Last week’s court injunction and the repressive essential service decree makes clear the urgent necessity for the working class to conduct a unified political fight against the government and the crisis-ridden capitalist system. Improvements in the working conditions and wages of health employees, and the working class as whole, as well as the defence of democratic rights, including the right to strike, cannot be won without preparing such a struggle.

The global surge of COVID-19 has crippled the Sri Lankan economy and seen the cash-strapped government use every means to try and impose the burden of the crisis on the back of the working people. Like every government globally, the Colombo regime has embraced the criminal, profit-driven “live with the virus” policies.

The FHP’s shutdown of the health workers national strike is a crucial experience, not just for health employees but the entire working class. It follows the teachers unions’ betrayal of the 100-day national online teaching strike.

Not a single Sri Lankan trade union has expressed its solidarity with the health workers strike nor come to its defence. All of them are maintaining a deathly silence over the government’s repressive essential service decree.

Once again, the health workers’ strike demonstrates that militancy and determination alone are inadequate. Workers need to seriously turn to build their own independent organisations—workplace action committees—to take the struggle into their own hands.

As the Health Workers Action Committee February 10 statement titled “Mobilise the working class to support Sri Lankan national health strike” declared: “Action committees must be built in every health institution with democratically elected representatives, independent of the trade unions and their bureaucrats.”

The statement also emphasised that there is no national solution to the crisis of Sri Lankan or global capitalism and that workers must fight for an international socialist program, uniting with their international class brothers and sisters, against pandemic, war and social inequality.

Several health workers spoke with the WSWS this week, angrily denouncing the FHP betrayal.

A nurse from Badulla Hospital said: “[President Rajapakse] gave promises but nothing was implemented. This time also the unions are only demanding a promise. It’s clear that we can’t do it through the isolated struggles of trade unions to defeat these repressive laws. We need a broad alliance of working people.”

A male nurse from Kandy Hospital said workers needed a unified struggle. “Scabbing trade unions, such as JVP, were exposed. Rising inflation means we must demand a high wage increase as well as compensation for inflation, otherwise there’s no point to a wage demand. The trade unions are dividing the workers rather than uniting them. In contrast, we have to unite with all sections of workers and all grades in the health sector in order fight draconian laws like essential services measures.”

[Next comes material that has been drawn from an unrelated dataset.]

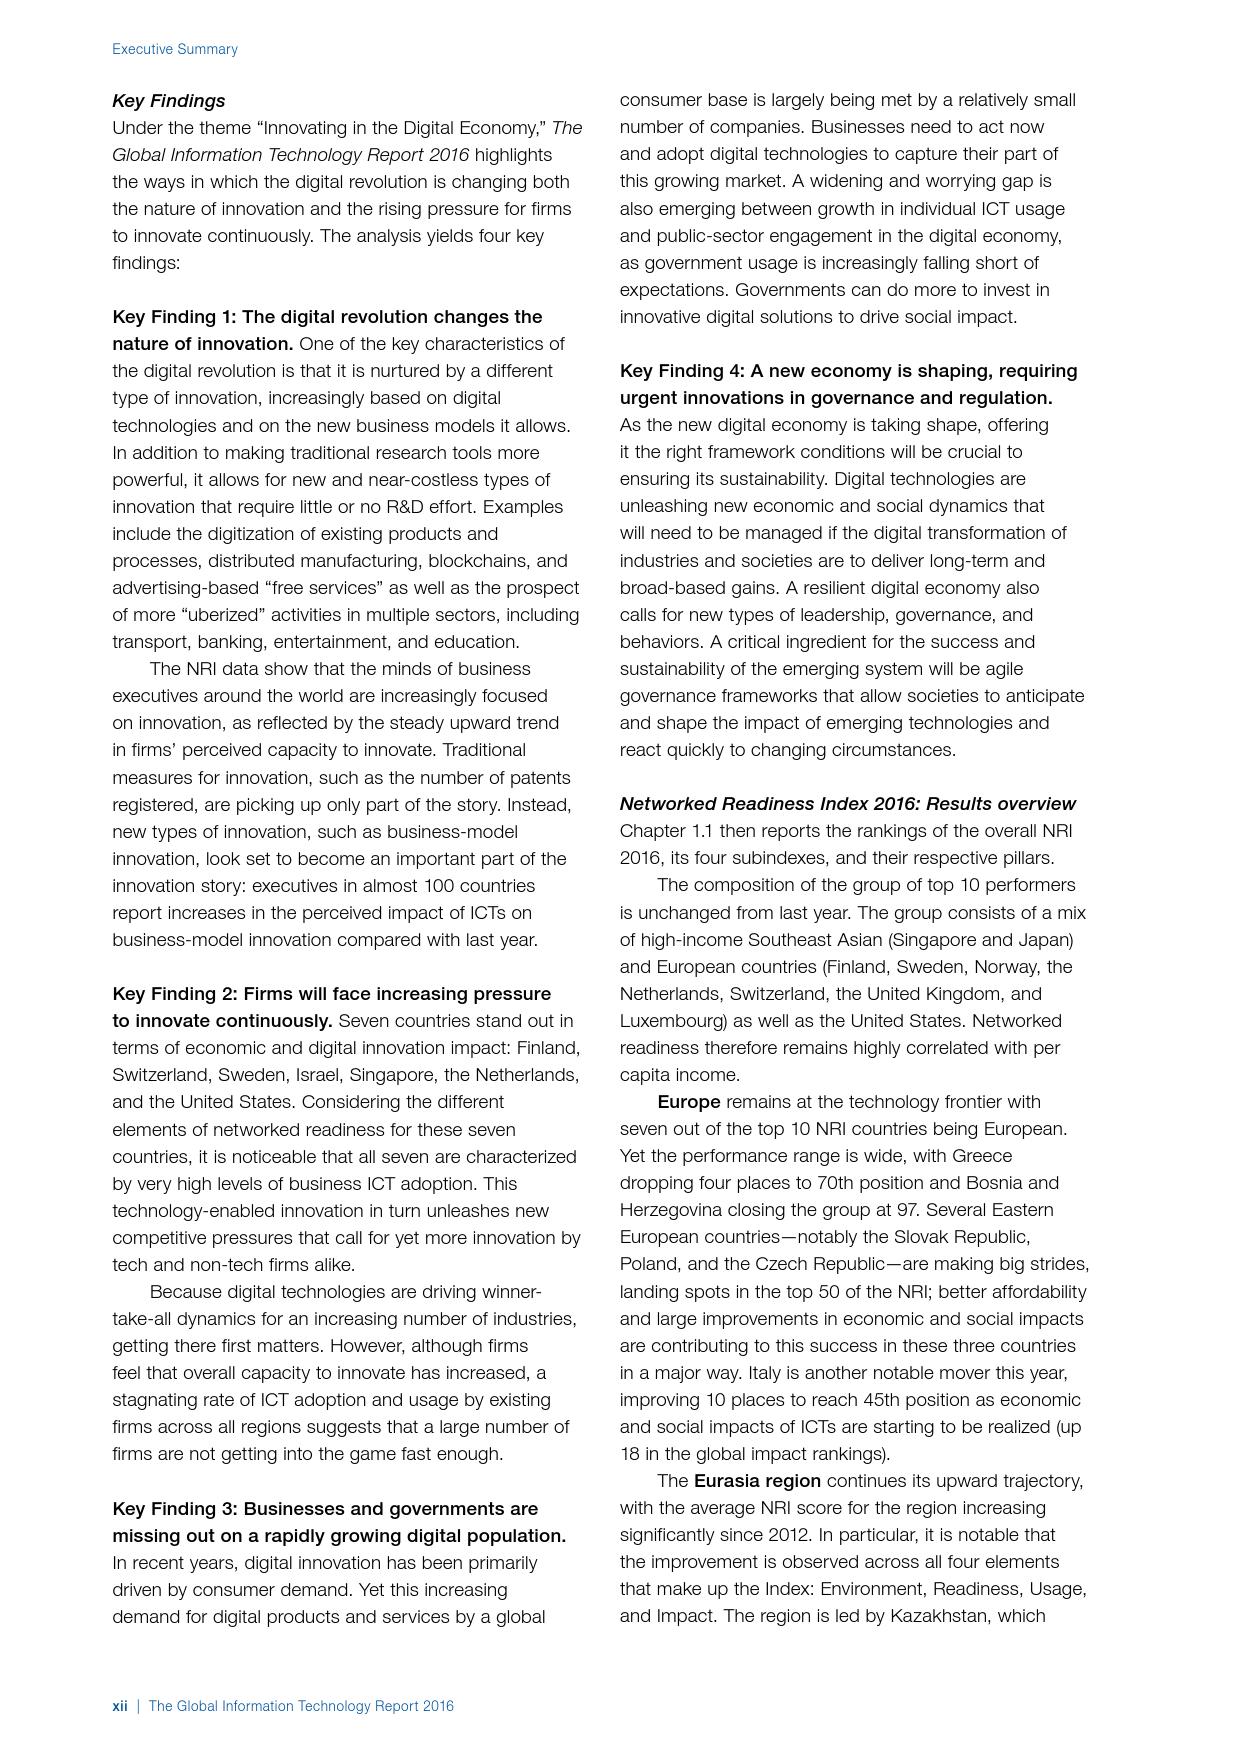 2016 年全球信息技术报告_000013

A Gampola Hospital nurse said, “The rich have a good time, even during the pandemic, and the poor suffer a lot. The cost of living is rising and aggravating our situation day by day. Our wages are stagnating that’s why workers are furious and why health workers enthusiastically participated in the strike. All workers, irrespective of the grades and sectors, are in the same boat… The capitalist class is always winning but we cannot allow this. The trade unions do not speak for us.”

A psychiatric ward nurse from Kandy Hospital commented: “The role being played by the trade unions is disgusting. If they called for a vote, an absolute majority of nurses would have voted to continue the struggle. Workers all face the same questions, such as the cost of living, but the burning issue is a unified struggle, which the trade unions totally opposed. The government benefits from that.”